Winning once is difficult; continuing to improve after many years at the top is even harder. But U of T’s self-driving car team — aUToronto — has done just that, placing first at the final SAE AutoDrive Challenge competition, their eighth win in nine years.  

“We expect both the leads and the members to deliver a lot more than what would normally be asked of a student design team,” says Chad Paik, a PhD student at UTIAS and the team’s captain. 

“The bar is set really high, and because several people from last year decided to rejoin this year, we were able to keep momentum, which was really helpful.” 

Each June for the past several years, the team has competed against nine universities from across North America at the Mcity Test Facility in Ann Arbor, Mich. Sponsored by General Motors (GM), 2026 marked the last year of the AutoDrive competition in its current form and the final year of participation for aUToronto. 

The rules and parameters around the competition change each year, ensuring teams are continuously tested. This year, one of aUToronto’s goals was to improve their score on the localization challenge, one which has them navigate their vehicle to waypoints with a weakened GPS.  

“Originally, we tried out lane localization, something that we thought would improve our performance. But after developing the algorithms and testing, we discovered it didn’t provide the centimetre-scale accuracy we needed,” says Cecilia Li (Year 3 EngSci). 

“We pivoted to different state-of-the-art LIDAR approaches around six weeks before the competition, which worked, but the approach was completely different. We weren’t afraid of making changes and embraced the discomfort that came with them.” 

Their risk paid off. The team scored full points, achieving the only perfect score in the localization challenge and improving their score by 130 points over last year. 

A white vehicle is driven on a road
The aUToronto vehicle driving to different waypoints during the localization challenge. (photo courtesy of aUToronto)

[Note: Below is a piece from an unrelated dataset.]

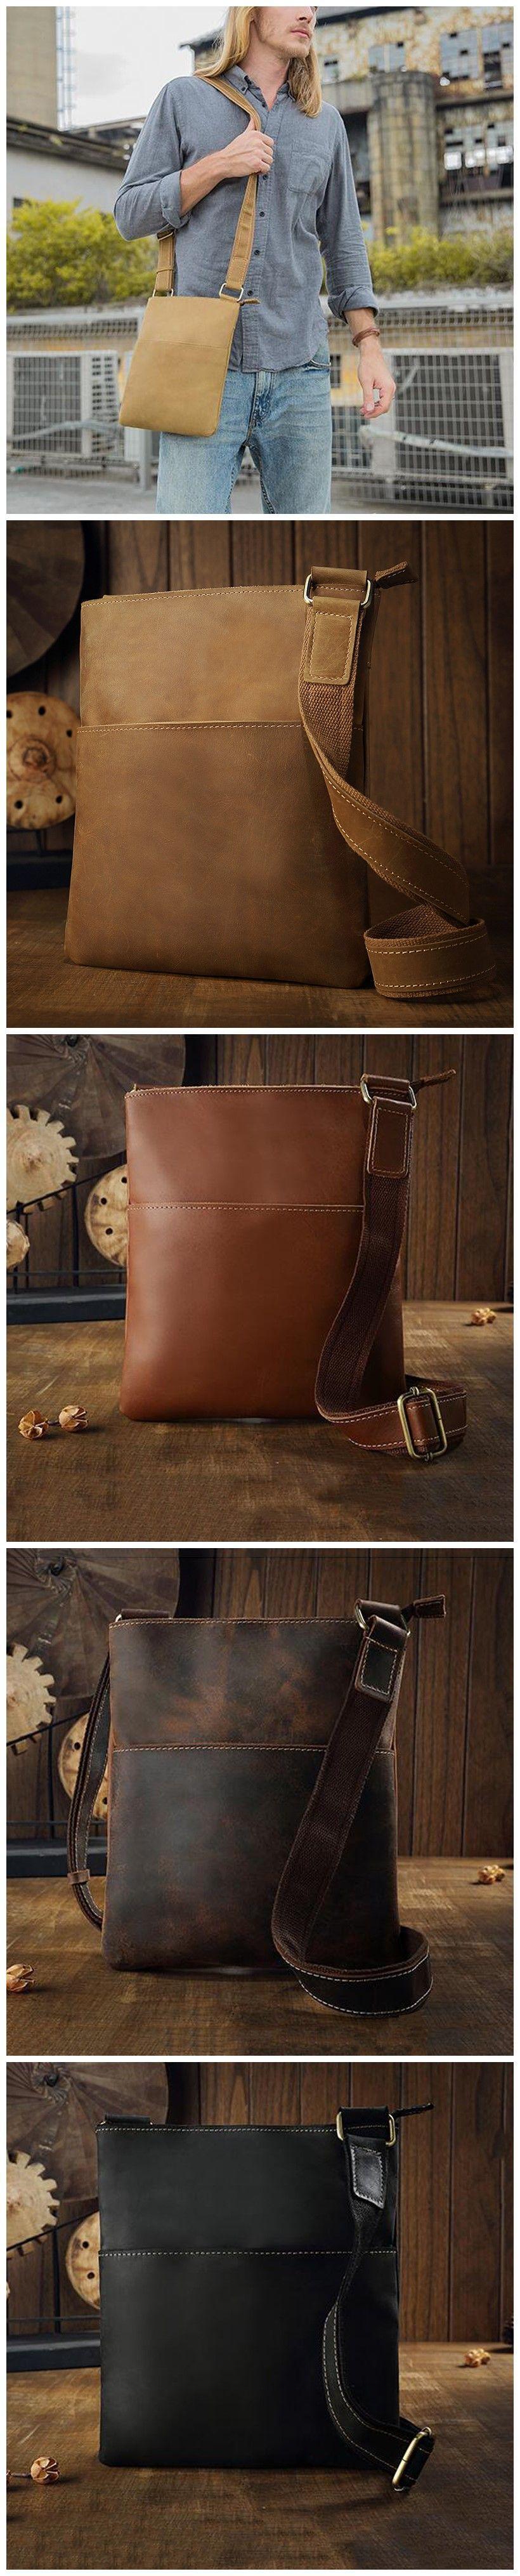 a307dde60269 6 Colors Handmade Men Men Messenger Bag Full Grain Leather Shoulder ...

One of the big surprises for the team this year was how smooth the competition went.  

I’ve been to the competition the most out of everyone, and when we go there’s usually always a major surprise or a big issue that comes up where we’re very stressed,” says Paik.  

“That’s not to say that we didn’t have any issues this year, but we had fewer and more predictable problems, which was new. Everything went as smoothly as one could hope for.” 

With the end of the SAE AutoDrive Challenge, the team is already turning its attention to a new goal. They plan to autonomously drive downtown to the St. George campus from UTIAS in North York. Unlike the closed-course AutoDrive competition, the project will require their vehicle to navigate real city streets and traffic. 

“Usually, we take a month break after the competition before we start back up again, but what we’re trying to do next is so difficult that we basically gave everyone a weekend off before we were back at it,” says Connor Wilson (Year 4 EngSci). 

They have several hurdles to work out in preparation, one of them being the weather.  

While self-driving cars are already being used as robotaxis in 10 U.S. cities such as Austin, Tex. and Phoenix, Ariz., driving in colder climates remains a hurdle for autonomous vehicles.  

The team has some experience with this as the competition has included inclement weather elements they’ve had to anticipate, such as driving through fog and against different lighting and glare.  

Over the next year, they’re hoping to further their work and collect a data set focused on winter driving behaviour prediction to teach autonomous cars how people and traffic behave in snowy and icy conditions.  

“Winter conditions are more difficult and dangerous, in part because you lose traction and visibility, and in the case of autonomous vehicles, sensor information quality,” says Professor Steven Waslander (UTIAS), academic advisor to the aUToronto team and Director of the Robotics Institute. 

“The team has done some fantastic research over the years and it will be great to see what they produce given this new challenge.” 

The relationships formed as part of aUToronto have translated into professional opportunities for many of the members.  

Li is completing her PEY Co-Op with GM. She says many members of the team have gone on to work for the car company in part due to their experience with aUToronto.  

Wilson, meanwhile, was recently doing work with the NBA in Las Vegas as part of his PEY Co-op placement with Peripheral Labs, a computer vision startup founded by a former aUToronto member.  

“I think the team here at Peripheral is almost half aUToronto alumni,” says Wilson.  

“Everyone keeps joking that this is like our competition week, partially because we’re working 24/7. I definitely think aUtoronto prepared me to work super hard.” 

“I can proudly say we achieved all of our goals for this year, from redeeming ourselves in the localization challenge to winning again despite more technical tests,” says Paik.  

“The technology around autonomous cars has changed so much from when the team started and we’re ready to put it to use and try something new.”